We’ve had 5 days in the mountains at Little House in the Rockies.
What an incredible blessing.
Do we mind that it rained every afternoon?
In a word: NO!
There’s blog-writing to do. (Done! Finally back on track with a post every day; let’s see if it lasts after this vacation week.)
There’s tax-filing to do. (Done! Our return and the Musical Millennial’s, all on time for the July 15 deadline.)
There’s sausage-making to do. (Done! We took some of the Peppercorn Beef Sausage on our picnic yesterday. Yum!)
Books need to be read. (Done! Just finished the Regeneration Trilogy by Pat Barker, a taut, disturbing, intellectually challenging set of books.)
Birds need to be watched! There have been some new species this week, including the Northern Flicker, our first time to meet this bird. (You’ll meet him or her here soon, in a bird prom picture.)
Sitting and chatting needs to happen. The world makes more sense when we look out at the mountains, have our afternoon cocktail, and tell stories and test theories.
And Scrabble needs to be played! This post is about that.
Earlier this week, the Grill-Meister beat me in a Scrabble scrimmage by 1 point. He used the word “iliad”. I challenged this, thinking it was a formal name, like, you know, the book by Homer? Apparently, The Iliad has made its way into the vernacular as “iliad”:
Who knew?! I was all proud because I thought Iliad was a proper noun, which is not permitted, so I lost my turn over an ‘iliadic’ challenge (I made that word up, so don’t try to use it in Scrabble). I also challenged the word “xi”, and several other non-word words (if you want my real opinion), which put me on my back foot.

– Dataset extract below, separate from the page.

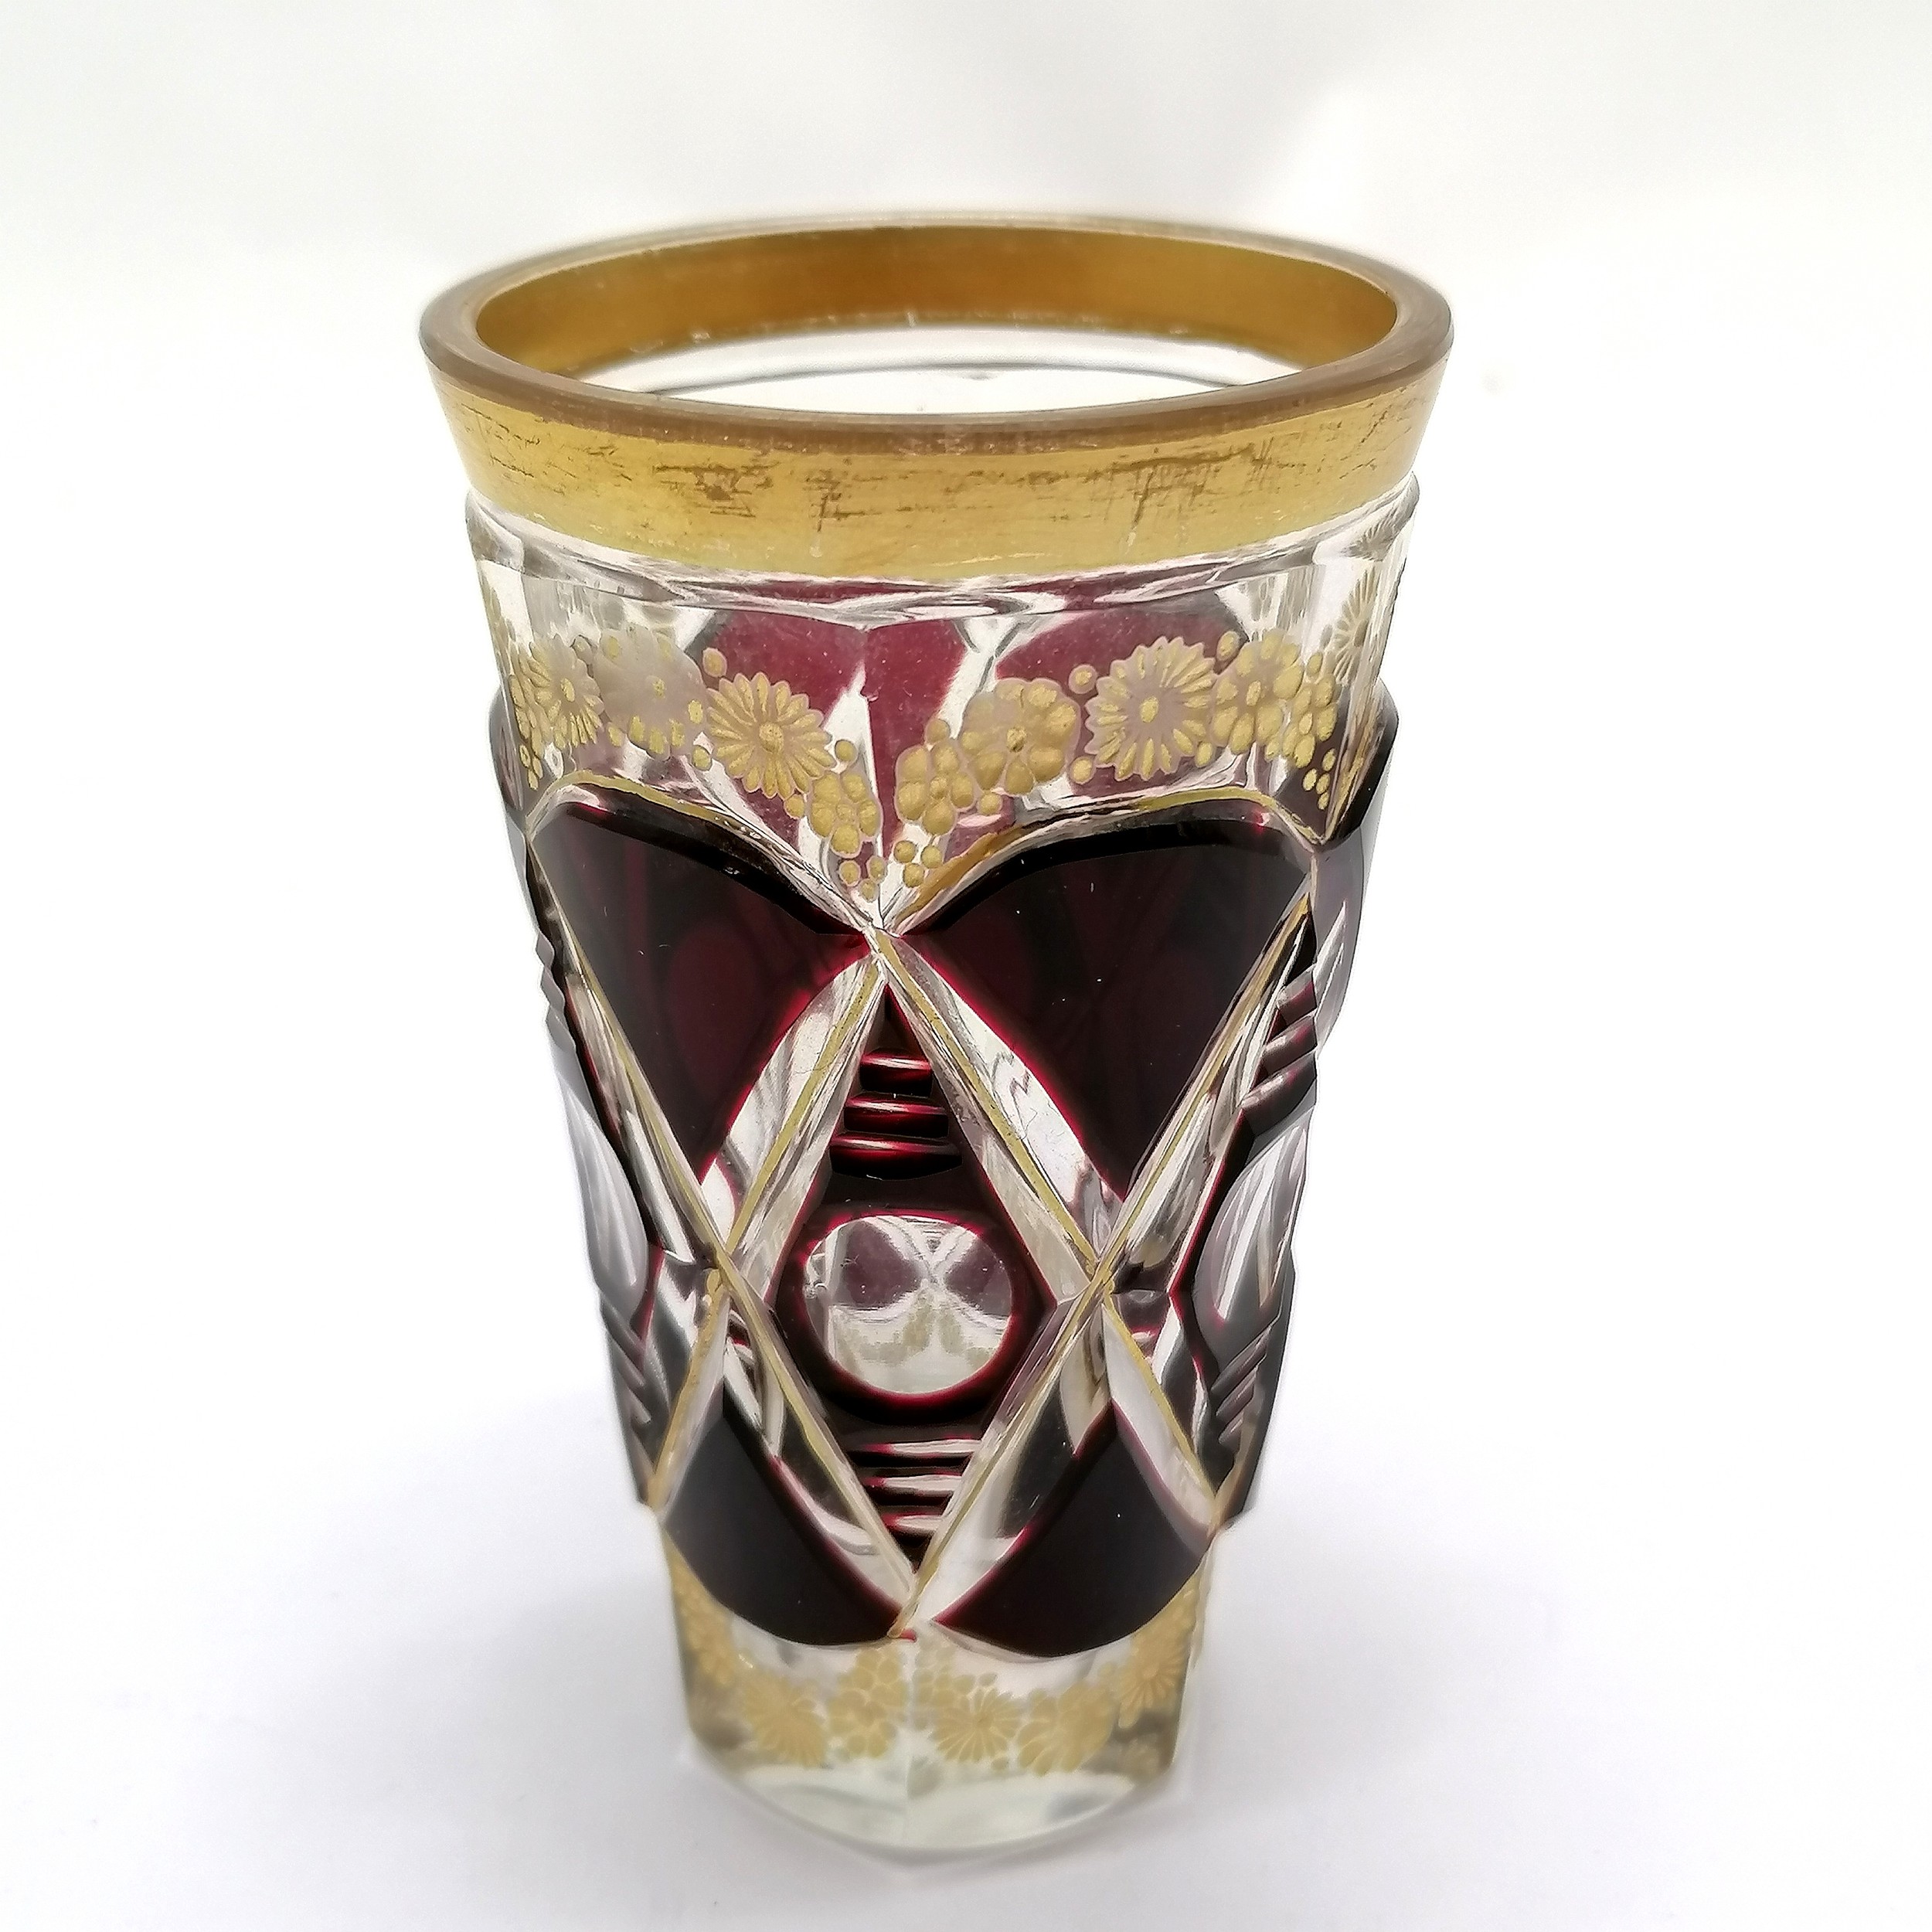 Antique Bohemian overlaid glass tumbler with ruby & gilded detail - 9cm high ~ slight wear to

But it rained again late this afternoon, and we once again had our Scrabble / Happy Hour / Birdwatching event.
Today, I reigned. Finally.
Out of respect for the Grill-Meister, I won’t quote my margin of victory. But let’s just say that we’ve been married for twelve years, and that we started playing Scrabble on a family vacation a couple of years before that when he whupped the whole family (he had “tux”, then “tuxedo”, then “tuxedoed”) and created a Scrabblized wound we will never forget) and that today’s event evened it out for me. I don’t think I’ve beaten him in all that time.
Wishing you great tiles that make great words during this pandemic isolation.